Within the constructed equilateral triangles above, the circumscribed circles were constructed with the incenter as the center. It is important to note that in an equilateral triangles, the angle bisectors, altitudes, medians, and perpendicular bisectors are concurrent. Moreover, the incenter, the circumcenter and the centroid are also concurrent. These properties of the equilateral triangle are essential for determining the classification of Napoleon's Triangle as equilateral.

The goal was to determine if any congruent segments exist. By highlighting two triangles defined by the segments examined, it was easier to determine the triangles congruency.

Using the diagram above and the given statements concerning equilateral triangles, I was able to show the two shaded triangles congruent using the following statements.

1. Angle AEB=Angle FBC=60 degrees because it intercepts an arc determined by a chord which is one side of the equilateral triangle.
2. Using angle addition, Angle EBC is congruent to Angle ABF.
3. Using the congruent segments of the equilateral triangles, EB= BA and BC=BF.
4. The two triangles are congruent by SAS for congruent triangles.
5. EC = AF because they are corresponding parts of congruent triangles.

By using a similar proof with segment BD and either segment EC or segment AF, all three segments connecting the vertex of the given triangle to the remote vertex of the equilateral triangles on the opposite side are congruent.

Now that the segments that connect the vertex of the triangle to the remote vertices of the equilateral triangles are congruent, we can use them to further our exploration.

We continue our look at Napolean's Triangle by examining the different triangles formed by the segments connecting vertices of the original triangle and the attached equilateral triangles. By the SAS postulate for similar triangles, two triangles are similar if two pairs of corresponding sides are proportional and the included angles of the triangles are congruent.

Using a GSP sketch and calculate, I was able to show the angles congruent and corresponding sides proportional.

Let us look at the GSP sketch with a couple of the segments hidden and two specific triangles shaded.

In order to show the triangles similar it is necessary to referred to the special properties of equilateral triangles. As stated earlier, within an equilateral triangle, the centroid lies on the altitude. The centroid is 2/3 the distance to the opposite side. Therefore, AH is equal to 2/3(altitude) of the triangle.

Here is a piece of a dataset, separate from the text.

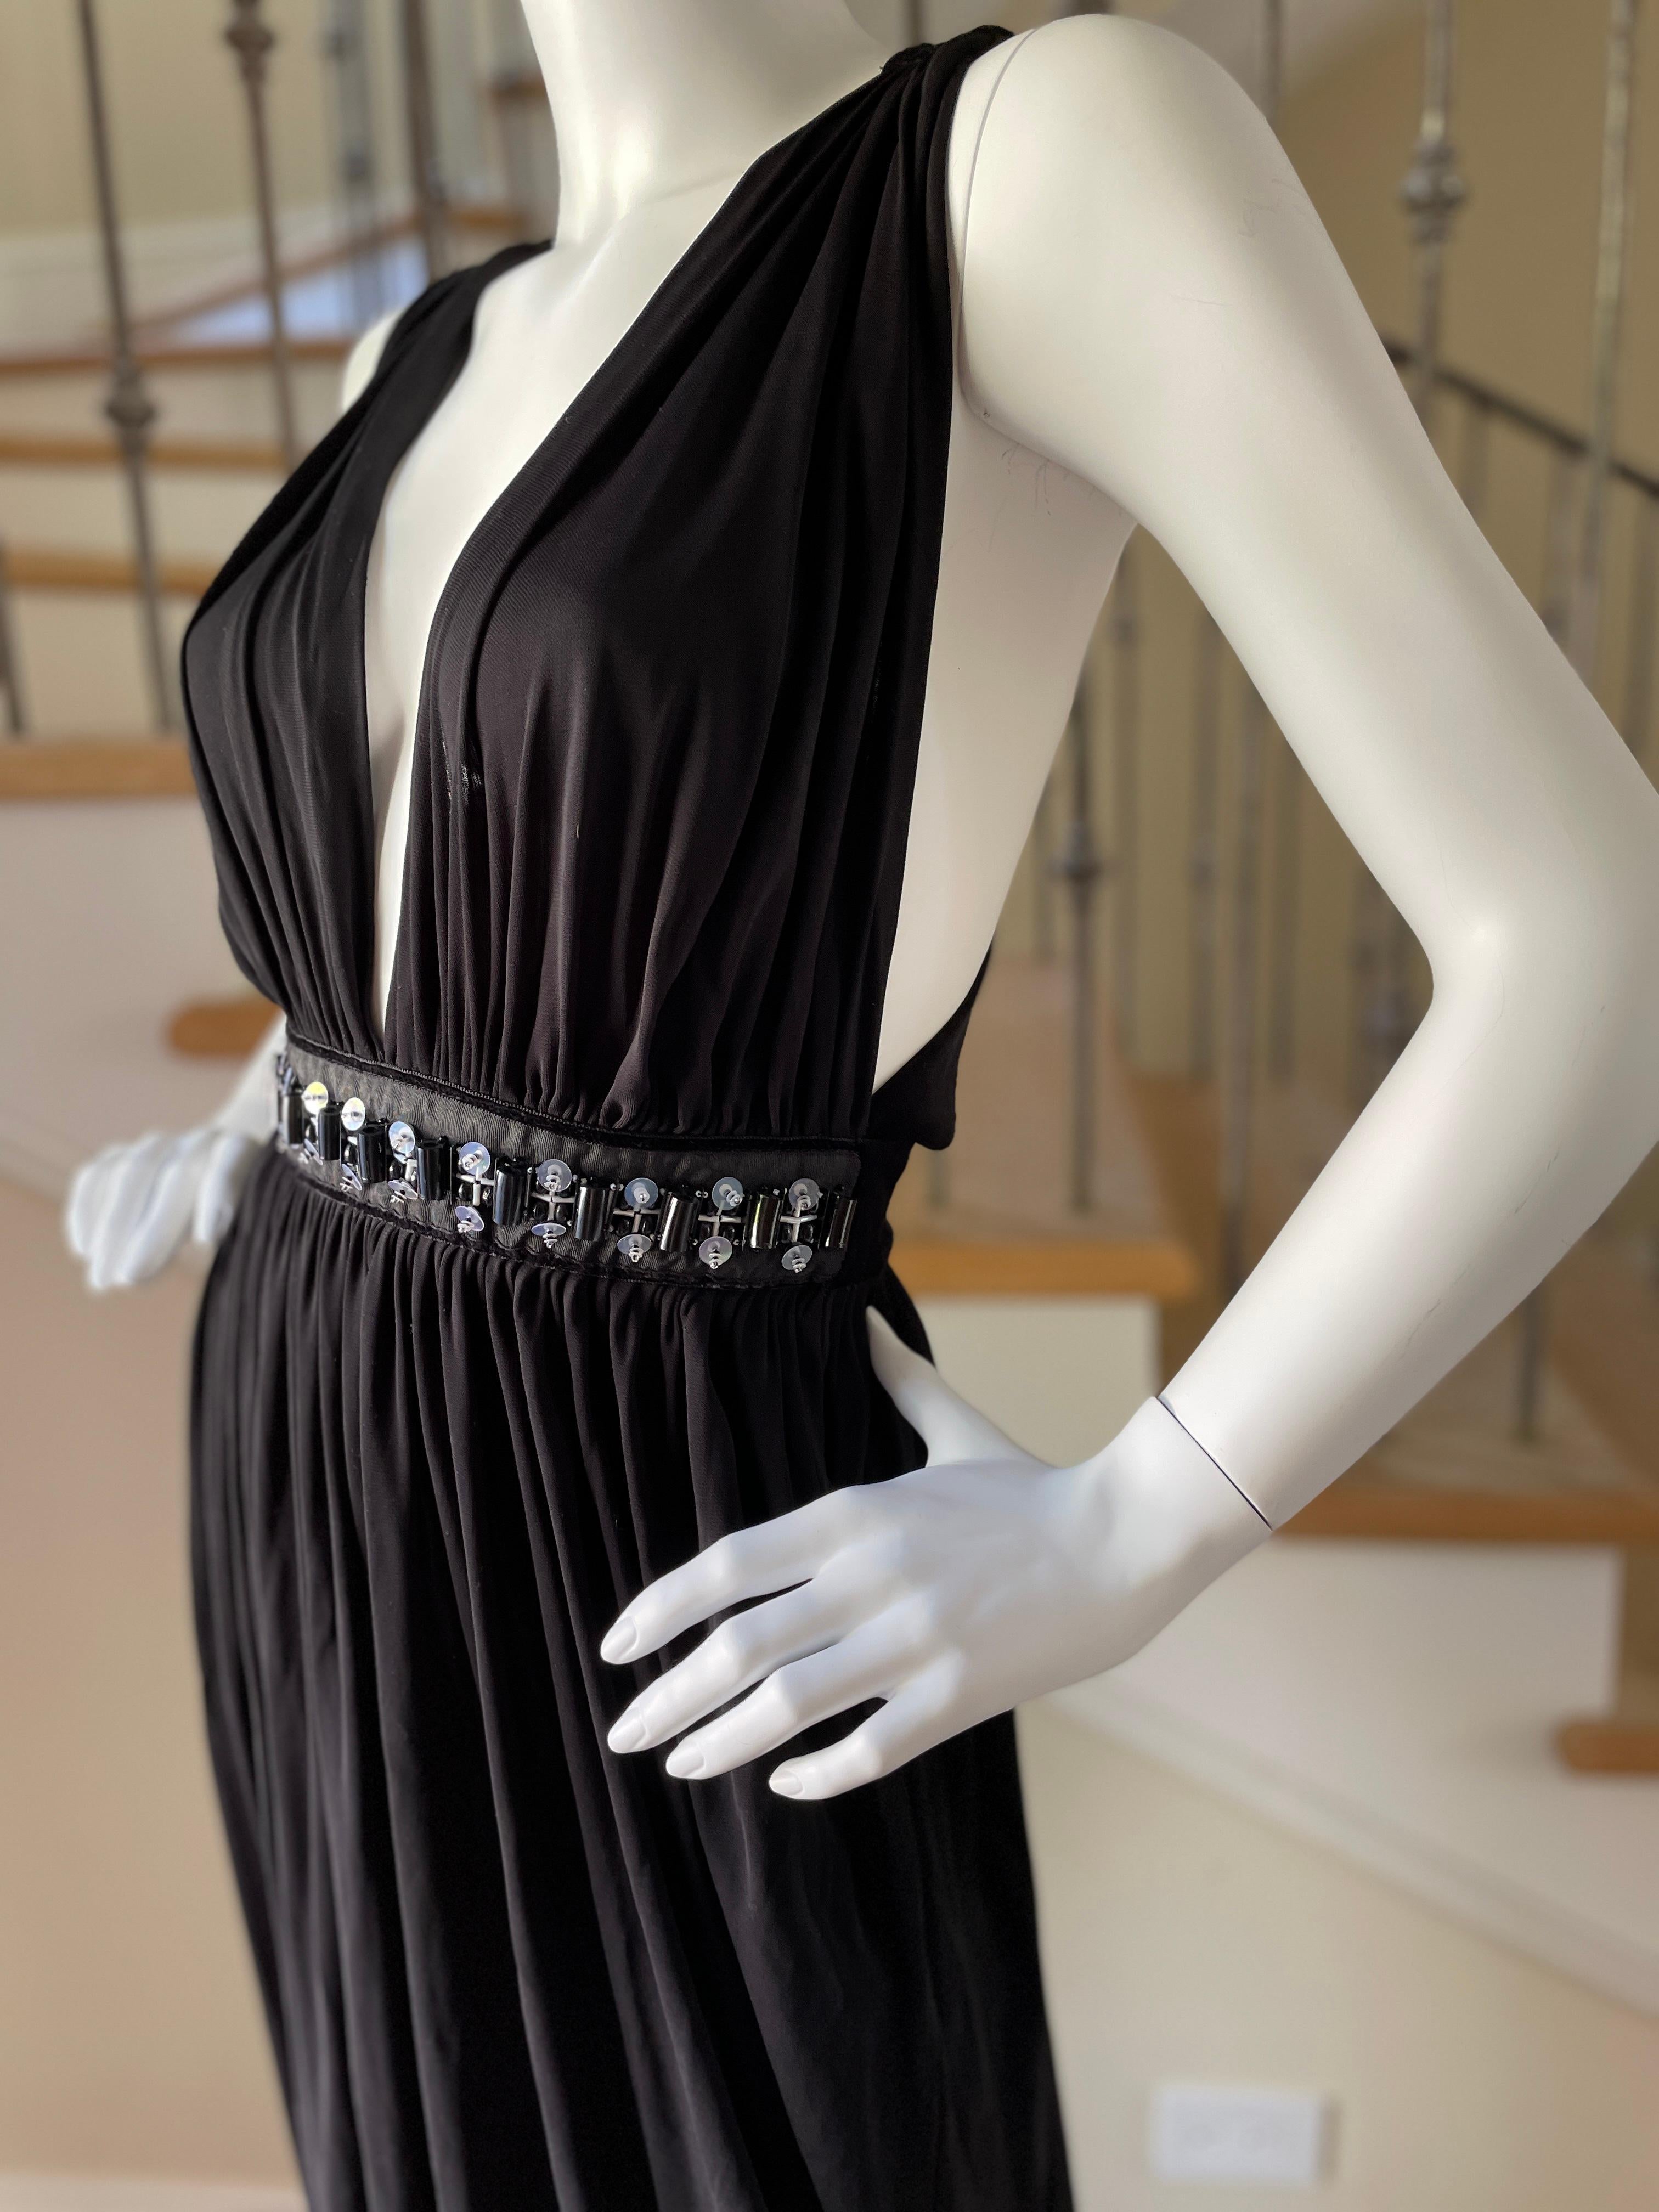 D&G by Dolce & Gabbana Vintage Plunging Black Evening Dress w Embellished Waist For Sale 4

The altitude of the equilateral triangle forms two right triangles having acute angle measures of 30 degrees and 60 degrees. By using the 30-60-90 triangle relationship, let x equal the length of the side opposite of the 30 degree angle. This segment is one-half the length of the side (AB) of the equilateral triangle.

x=1/2 AB

The side opposite the 60 degree angle is equal to the square root of 3 times x.

This segment relationship occurs with all equilateral triangles:

The ratio of the length of the segment connecting the centroid to the vertex on the altitude to a side of the equilateral triangle is square root of 3 over 1.

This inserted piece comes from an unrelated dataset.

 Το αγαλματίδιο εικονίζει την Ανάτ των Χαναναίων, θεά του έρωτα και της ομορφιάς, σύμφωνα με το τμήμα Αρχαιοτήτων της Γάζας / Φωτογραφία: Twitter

Segment AH and Segment AD lie on the angle bisector of the Triangle HAB and Triangle DAI. Since the angle measures of an equilateral triangle equal 60 degree, m<HAB =m< DAI = 30 degrees. Angle BAI is congruent to itself by the reflexive property, so by applying the angle addition postulate, m<HAI = m<BAD. Therefore, Triangle HAI is similar to Triangle BAD.

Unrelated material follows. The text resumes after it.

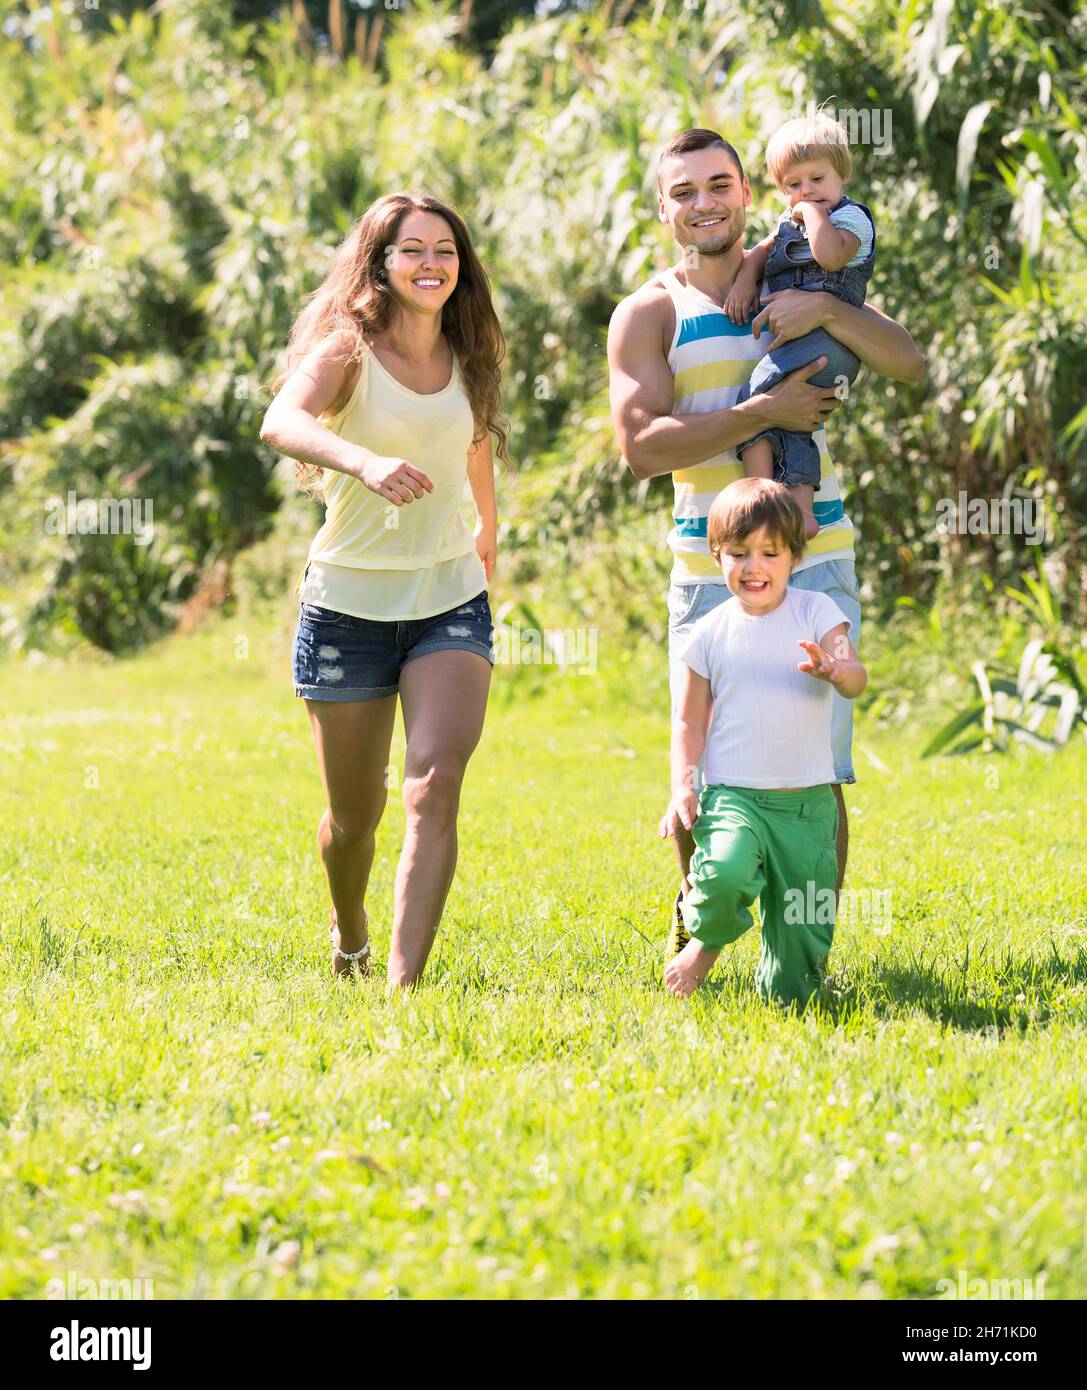 Famille de quatre personnes dans un parc ensoleillé Banque D'Images

By stating proportional sides AB/AH = BD/HI = AI/AD = square root of 3/1.

Notice that BD corresponds to HI. This shows a relationship between a segment joining a vertex of the given (original) triangle and the remote vertex of the equilateral triangle on the opposite side and a side of Napolean's Triangle.

The same procedure would be used to show that EC/HJ equals the square root of 3/1 and BD/JI equals square root of 3/1.

For a detailed look at the proof of each pair of triangles, click here.

Based on the similarity ratios stated above:

Earlier we stated that the segments joining the vertex of the original triangle and the remote vertex of the equilateral triangle are congruent.

If BD= CE = AF, then HI = HJ = JI.

Therefore, Napolean's Triangle will always be equilateral.